ABOUT THIS EXERCISE:
In the listing below, find each line containing "have" and report it.
*** Opening SUPPLIED RECORDS ***
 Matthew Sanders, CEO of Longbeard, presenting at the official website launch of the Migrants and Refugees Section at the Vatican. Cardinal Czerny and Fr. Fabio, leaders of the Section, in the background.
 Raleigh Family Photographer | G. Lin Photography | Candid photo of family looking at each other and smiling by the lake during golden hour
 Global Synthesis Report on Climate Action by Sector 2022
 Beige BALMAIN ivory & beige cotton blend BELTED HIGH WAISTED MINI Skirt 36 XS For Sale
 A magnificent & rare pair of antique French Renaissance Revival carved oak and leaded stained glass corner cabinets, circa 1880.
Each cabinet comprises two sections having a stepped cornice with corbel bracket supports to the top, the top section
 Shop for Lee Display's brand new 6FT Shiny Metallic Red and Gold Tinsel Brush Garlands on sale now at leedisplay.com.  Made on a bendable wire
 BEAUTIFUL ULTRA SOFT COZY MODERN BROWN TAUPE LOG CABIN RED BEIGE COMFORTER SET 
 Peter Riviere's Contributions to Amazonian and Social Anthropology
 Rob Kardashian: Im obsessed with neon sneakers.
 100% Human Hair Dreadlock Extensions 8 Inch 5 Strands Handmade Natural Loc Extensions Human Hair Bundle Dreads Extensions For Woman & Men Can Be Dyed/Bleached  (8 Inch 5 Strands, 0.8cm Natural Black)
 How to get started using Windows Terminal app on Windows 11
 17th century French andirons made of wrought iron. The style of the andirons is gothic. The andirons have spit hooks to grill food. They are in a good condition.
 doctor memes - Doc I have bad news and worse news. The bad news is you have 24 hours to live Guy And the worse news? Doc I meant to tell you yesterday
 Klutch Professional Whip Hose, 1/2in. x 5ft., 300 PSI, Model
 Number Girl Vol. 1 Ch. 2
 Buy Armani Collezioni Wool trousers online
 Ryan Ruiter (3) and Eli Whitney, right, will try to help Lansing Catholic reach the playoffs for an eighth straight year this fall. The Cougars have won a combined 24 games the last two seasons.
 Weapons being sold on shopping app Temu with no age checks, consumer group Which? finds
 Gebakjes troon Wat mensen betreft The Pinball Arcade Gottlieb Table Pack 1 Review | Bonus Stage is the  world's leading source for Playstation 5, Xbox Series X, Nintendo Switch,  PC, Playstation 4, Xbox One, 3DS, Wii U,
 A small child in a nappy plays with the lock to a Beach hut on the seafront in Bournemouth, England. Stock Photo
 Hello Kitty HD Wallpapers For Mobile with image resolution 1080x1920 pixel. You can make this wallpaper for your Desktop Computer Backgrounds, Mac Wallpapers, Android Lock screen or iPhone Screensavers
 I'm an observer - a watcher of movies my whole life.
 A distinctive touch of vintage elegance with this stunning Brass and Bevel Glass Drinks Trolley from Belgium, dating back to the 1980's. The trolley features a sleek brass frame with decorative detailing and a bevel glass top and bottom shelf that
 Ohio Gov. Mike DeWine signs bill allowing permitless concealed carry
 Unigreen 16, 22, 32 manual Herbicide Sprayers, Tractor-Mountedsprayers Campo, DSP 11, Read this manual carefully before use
*** Closing SUPPLIED RECORDS ***
OUTPUT OF THE EXERCISE:
 17th century French andirons made of wrought iron. The style of the andirons is gothic. The andirons have spit hooks to grill food. They are in a good condition.
 doctor memes - Doc I have bad news and worse news. The bad news is you have 24 hours to live Guy And the worse news? Doc I meant to tell you yesterday
 Ryan Ruiter (3) and Eli Whitney, right, will try to help Lansing Catholic reach the playoffs for an eighth straight year this fall. The Cougars have won a combined 24 games the last two seasons.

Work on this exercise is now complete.